Contact with other people gives you (some) perspective, makes you feel less alone, and generally makes life a bit easier. All of which is nice.
But ultimately allowing people to see much of you when you’re like this just weakens you further. It just fuels the negative self image which is getting you so down in the first place.
“Hi, my existence is a gaping abyss of infinite horror; I feel completely worthless and useless, and I don’t really give a shit about anything except how useless and worthless I feel. Er.. how are you?” Doesn’t help.
Meh; I’m on the up, gradually.
I was really in hell a few months ago.
I’m not in hell now. Just – yeah – a big ol’ envoided vacuum of blah.
And I won’t be here forever.
Looking at old TF posts for the purposes of linking to them in more recent TF posts, I was struck by something: No fucker is commenting here any more. (Except Liv. And Li. And Wortwut. And the odd Neurocam random combing the archives.) (Gotta love those tenacious, cockroachlike Neurocam randoms.)
Where have you gone, beloved blog massive?
Do you not love me any more?
Is it because Lady J doesn’t love me any more?
That’s it, isn’t it.
It is. Don’t lie.
Actually, I don’t think that’s really it at all. It’s all about me. (It is always all about me.)
To get perhaps ill-advisedly personal for a moment (Li will enjoy this):
And I got lots of comments in those days. Because as we all know, if you love yourself – like, really, truly do – then everyone else will love you too. Everyone who matters, anyways.
LJ fell in love with me at around this time. And that was great. But then I think I became dependent on her loving me in order to love myself. So when she stopped, I kinda stopped as well. Et voila: blog comments? Thing of the past.
It’s more complex than that, naturally. But it’s One Way Of Looking At Things. Makes a lot of sense to me.
This is partly the reason people sing the blues when their partners leave them. It’s partly that you just desperately miss having them around, course; it’s partly the shattered dreams of future happiness; it’s partly the sense that all this time and energy expended on getting to know this person really, really well and them getting to know you really, really well, and building trust and constructing a shared identity and blah blah blah has all gone totally to waste. It’s partly because you feel like a part of your very soul has been ripped out, leaving a huge gaping hole in your psyche.
But it’s also significantly because you’ve forgotten how to love yourself without someone else to back you up on it.
That’s really, really bad though. You shouldn’t need anyone else to love you. And the more you do, the less they will.
Am I wrong, non-existent blog readers?
It’s one of those perverse inverse dynamics that The Universe is so fond of, for some sick twisted reason that I will never entirely understand [*] except maybe when I’m on nitrous oxide.
Ah, sweet nitrous oxide.
It will never leave me. Until they make it illegal.

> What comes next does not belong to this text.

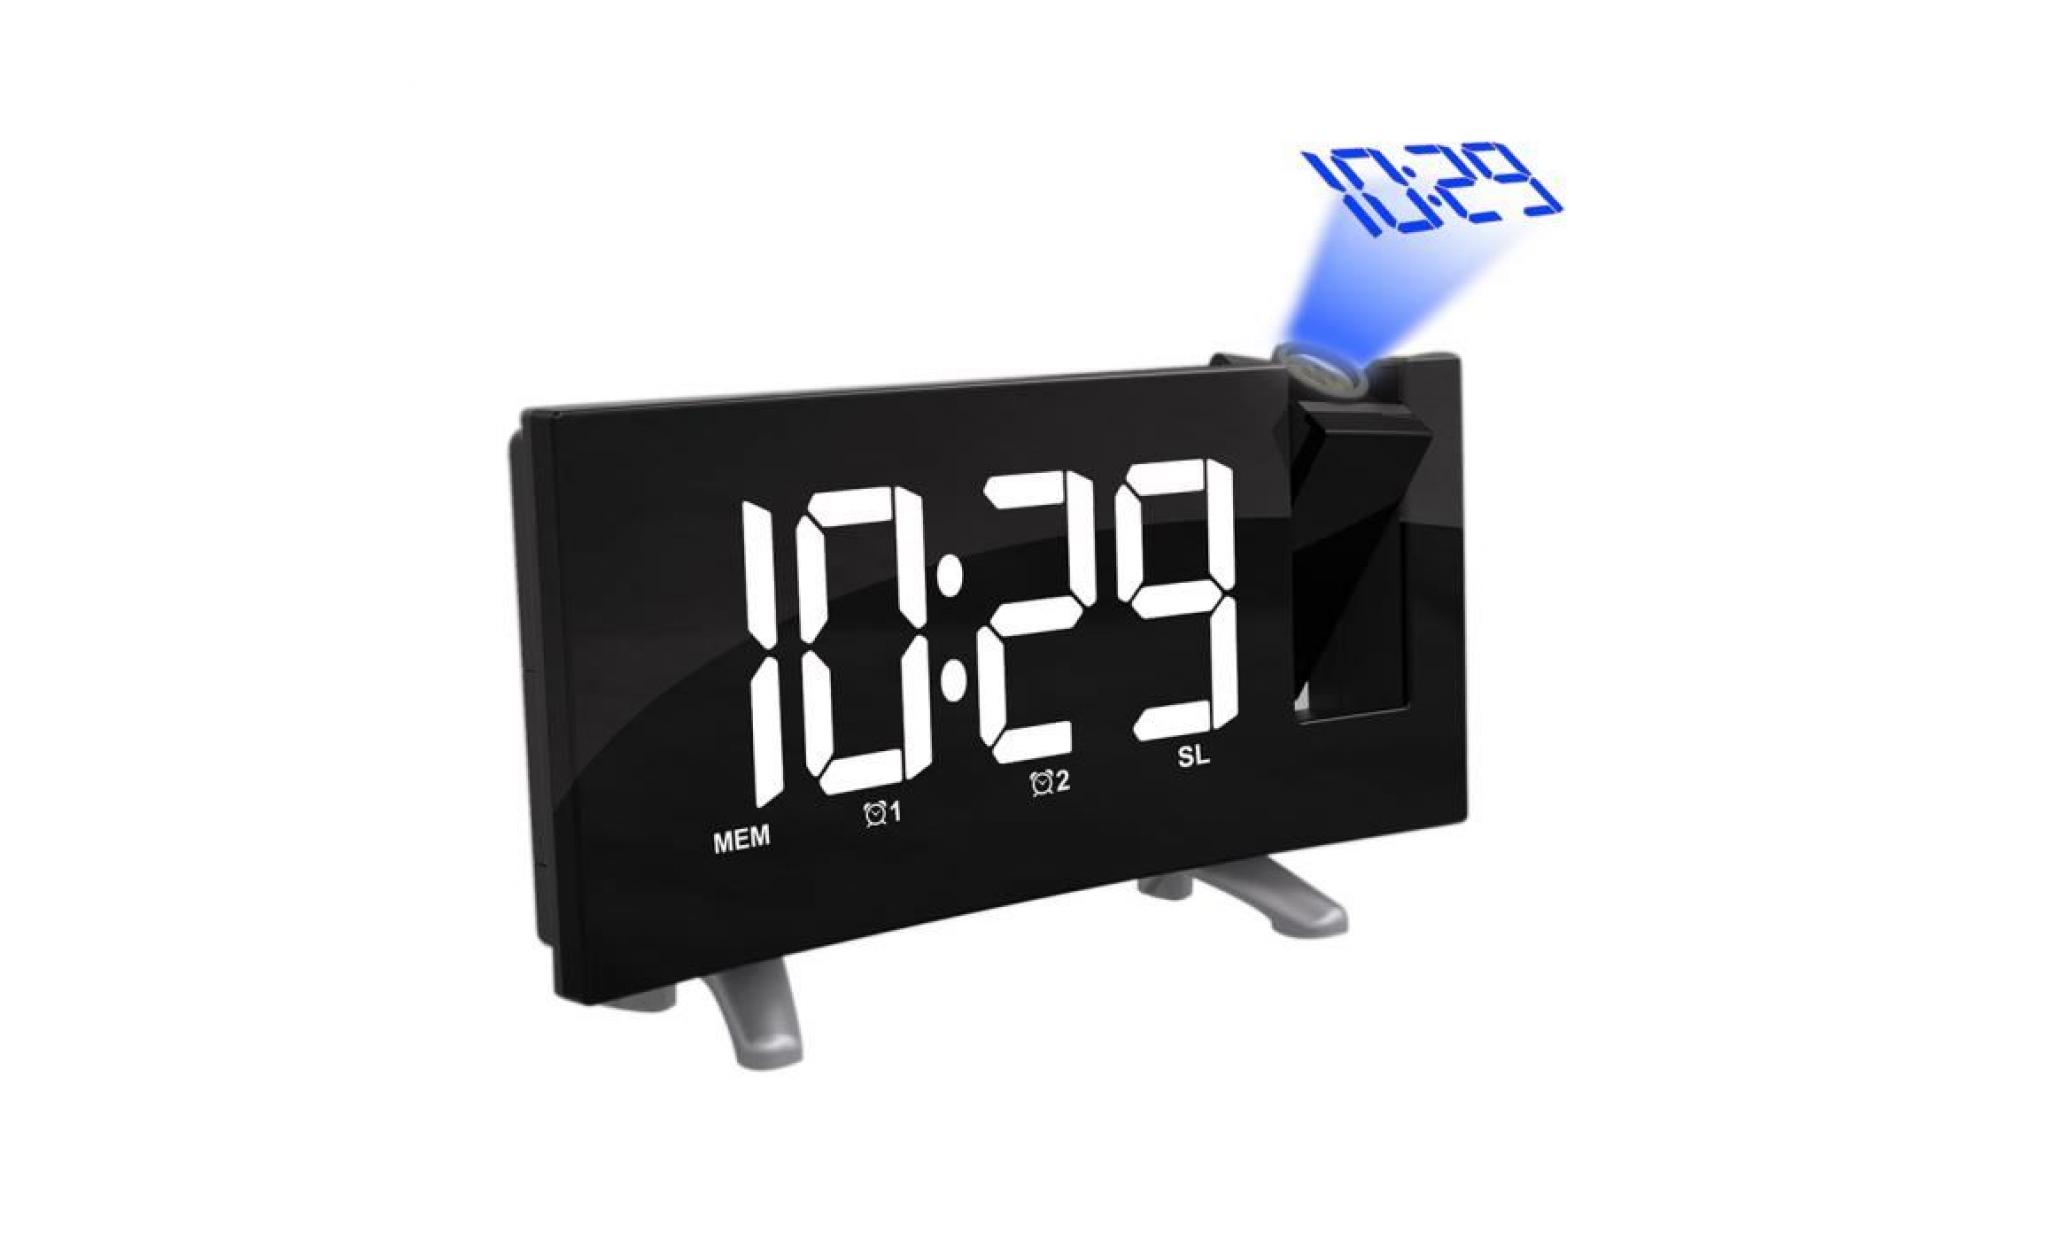 radio réveil projection plafond alarme fm double alarme horloge numérique usb fonction snooze 4 luminosités led

(Why isn’t it illegal? It’s so good.)
[*] NB This is disingenuous; I do in fact understand perfectly. It’s because people are attracted to power and personal power derives from self-sufficiency. But for the purposes of allowing this post to form a nice, natural arc, I had to pretend to be stupider than I really am. Funny how that happens sometimes.
Welcome to 2008!
We’re lost, but unconcerned.
It’s working out surprisingly well so far.